▸ **What the exercise asks**: Give again, word for word, each line of the data from the first through the one containing "Poongsan MCP-151 món". Pictures stay out.

▸ **Input data**:
/---

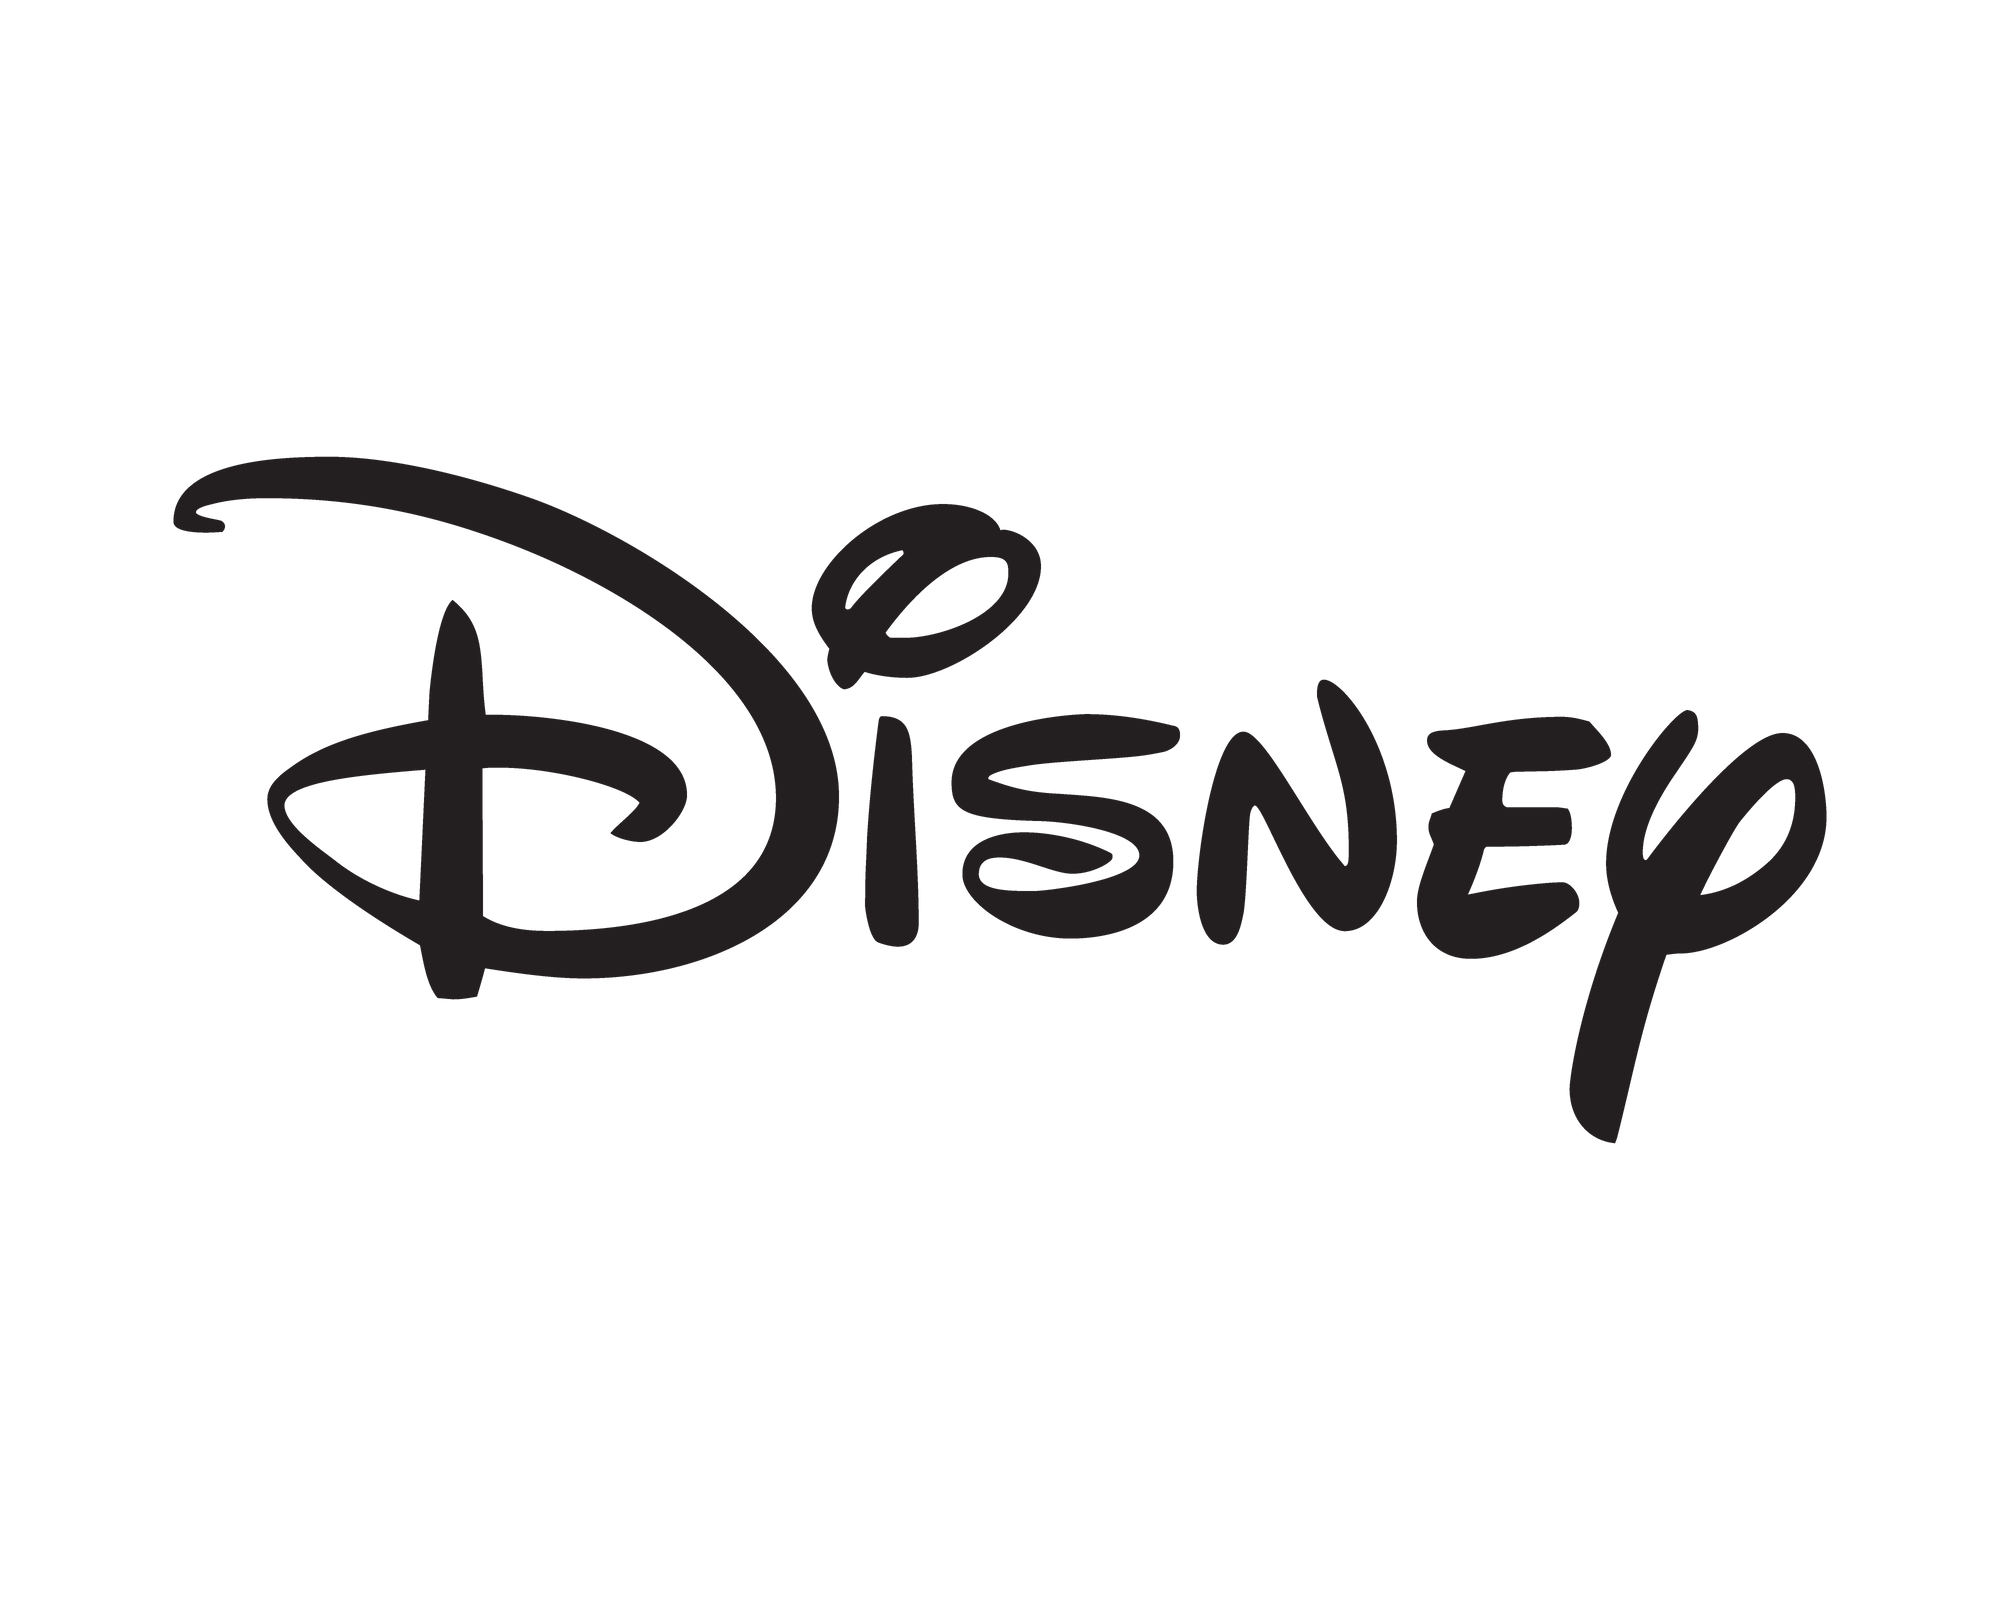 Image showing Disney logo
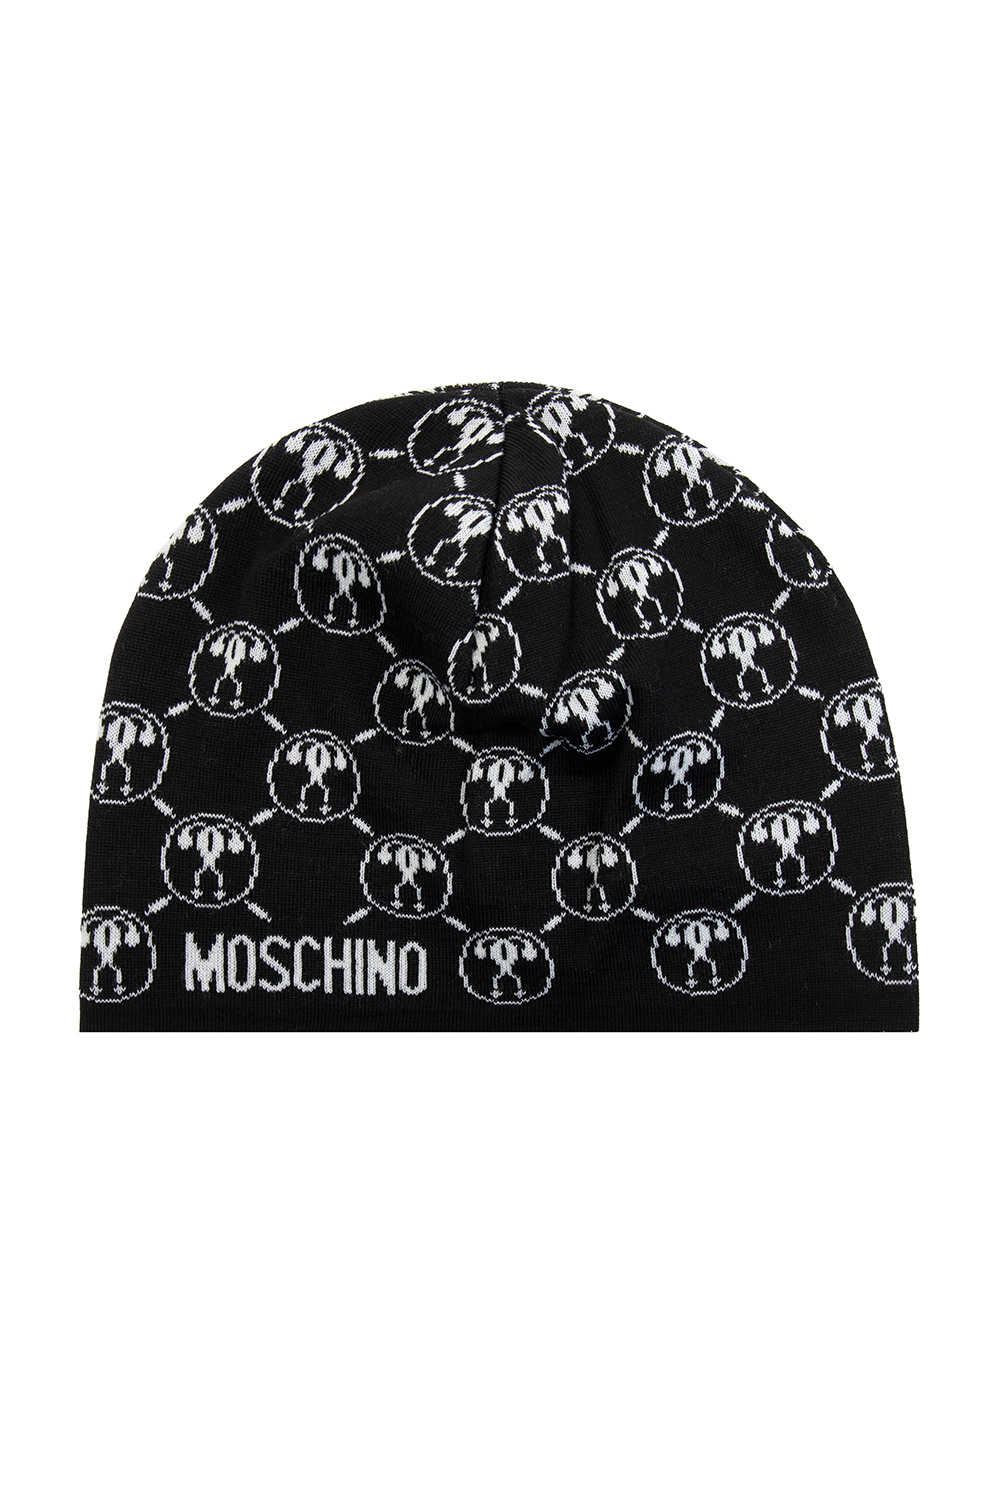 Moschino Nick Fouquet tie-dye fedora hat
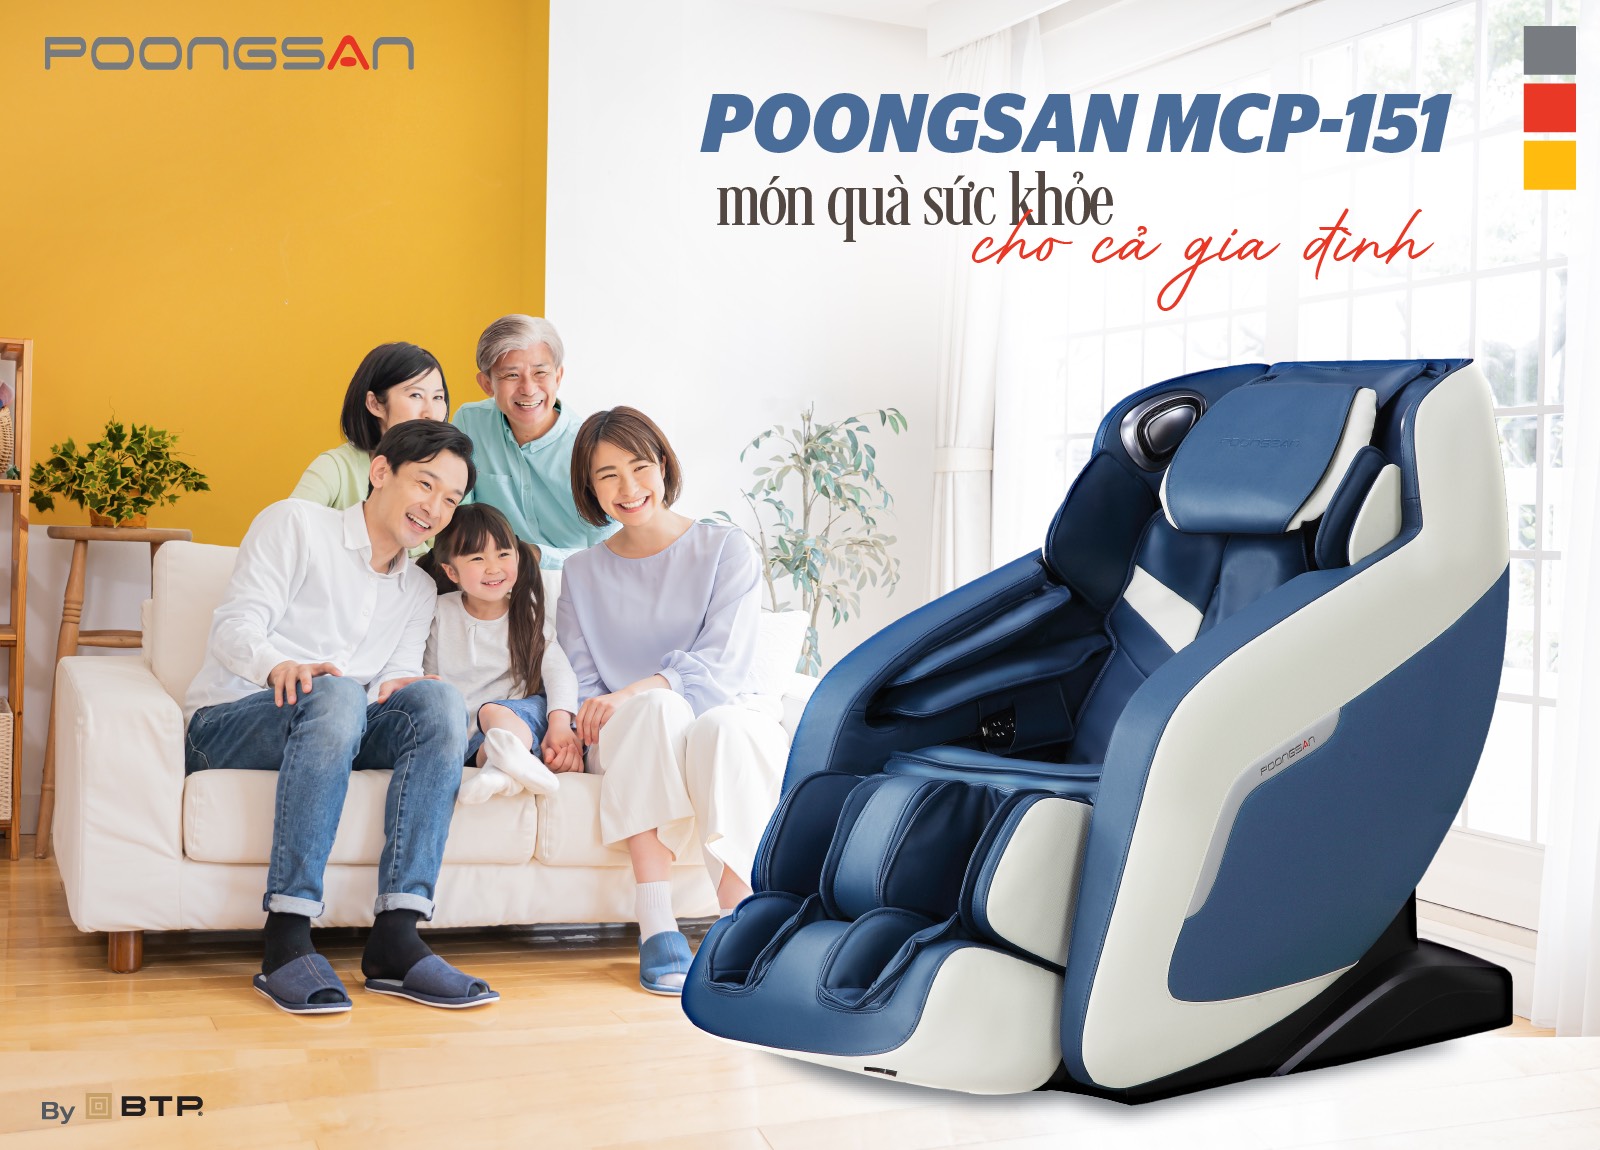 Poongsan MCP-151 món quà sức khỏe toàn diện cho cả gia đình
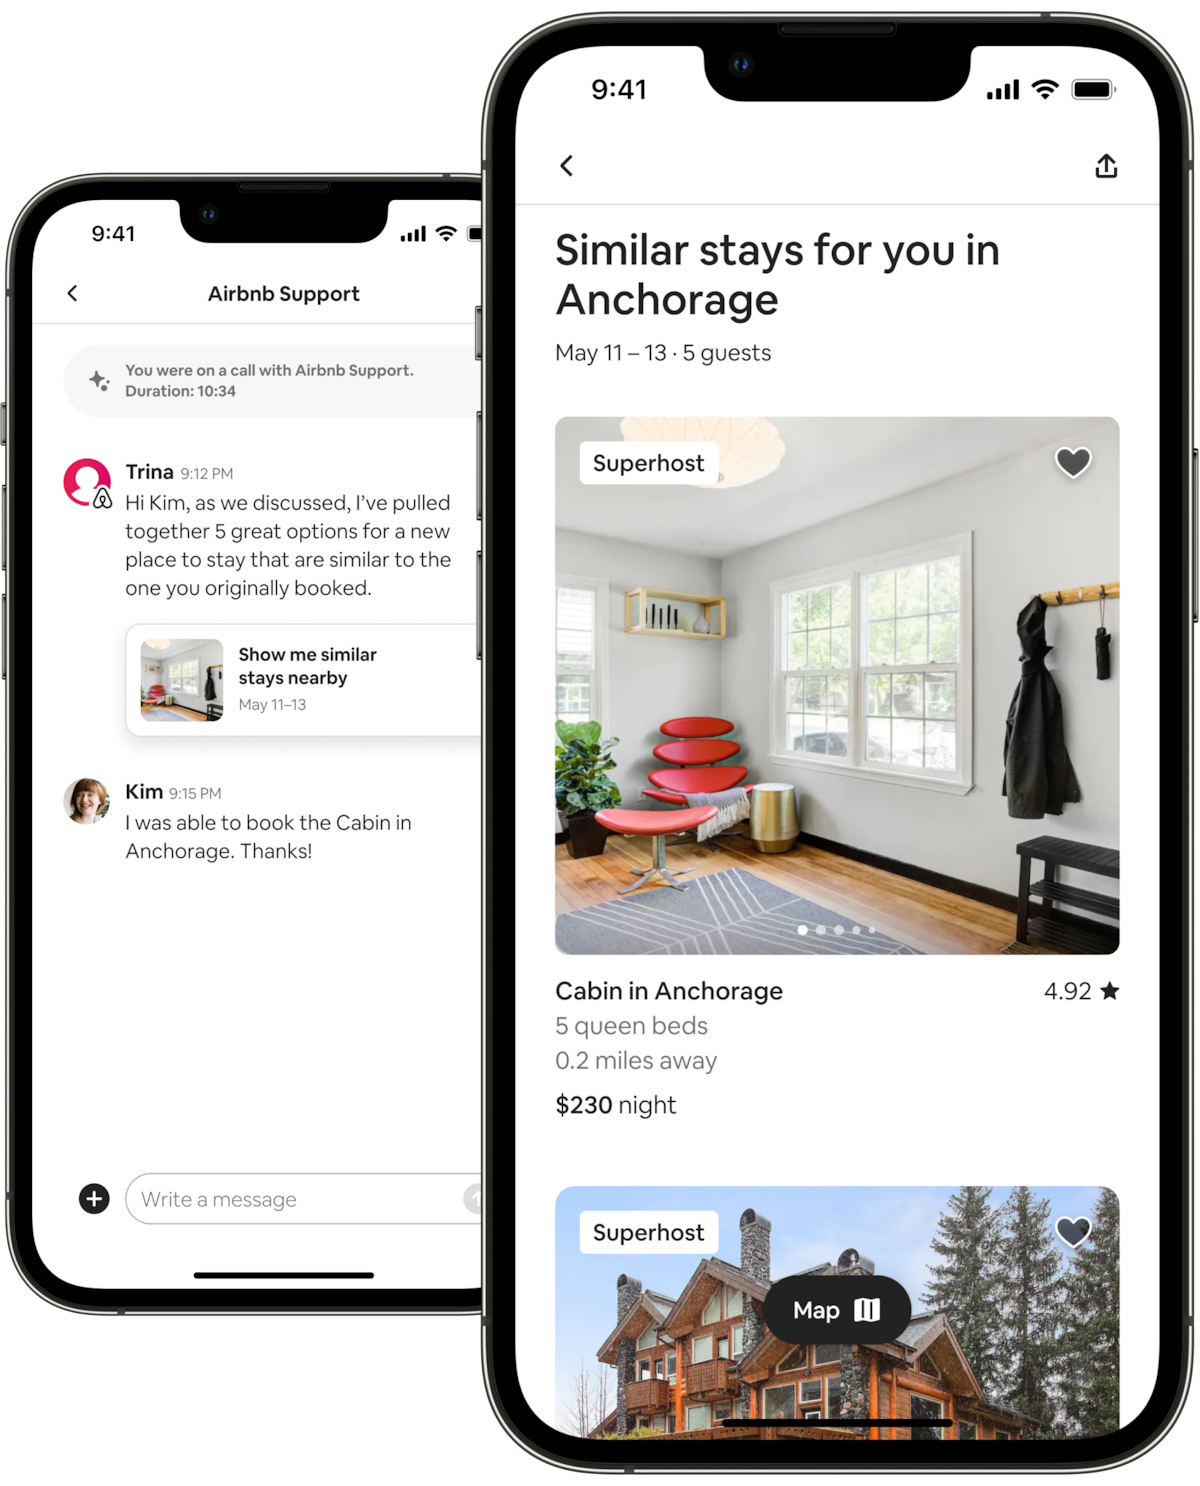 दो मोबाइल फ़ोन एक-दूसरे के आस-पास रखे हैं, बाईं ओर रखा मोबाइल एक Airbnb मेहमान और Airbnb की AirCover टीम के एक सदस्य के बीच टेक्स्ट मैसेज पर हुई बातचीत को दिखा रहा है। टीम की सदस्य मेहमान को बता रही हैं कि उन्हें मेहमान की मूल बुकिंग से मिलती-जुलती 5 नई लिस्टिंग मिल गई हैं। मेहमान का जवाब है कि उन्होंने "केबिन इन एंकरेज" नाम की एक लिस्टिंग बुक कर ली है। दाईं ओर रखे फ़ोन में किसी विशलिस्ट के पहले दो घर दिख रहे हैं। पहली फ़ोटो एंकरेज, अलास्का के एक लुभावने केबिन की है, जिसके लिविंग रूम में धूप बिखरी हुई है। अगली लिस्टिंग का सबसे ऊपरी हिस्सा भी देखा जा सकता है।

\---

▸ **Exercise answer**:
 Image showing Disney logo
 Moschino Nick Fouquet tie-dye fedora hat
 Poongsan MCP-151 món quà sức khỏe toàn diện cho cả gia đình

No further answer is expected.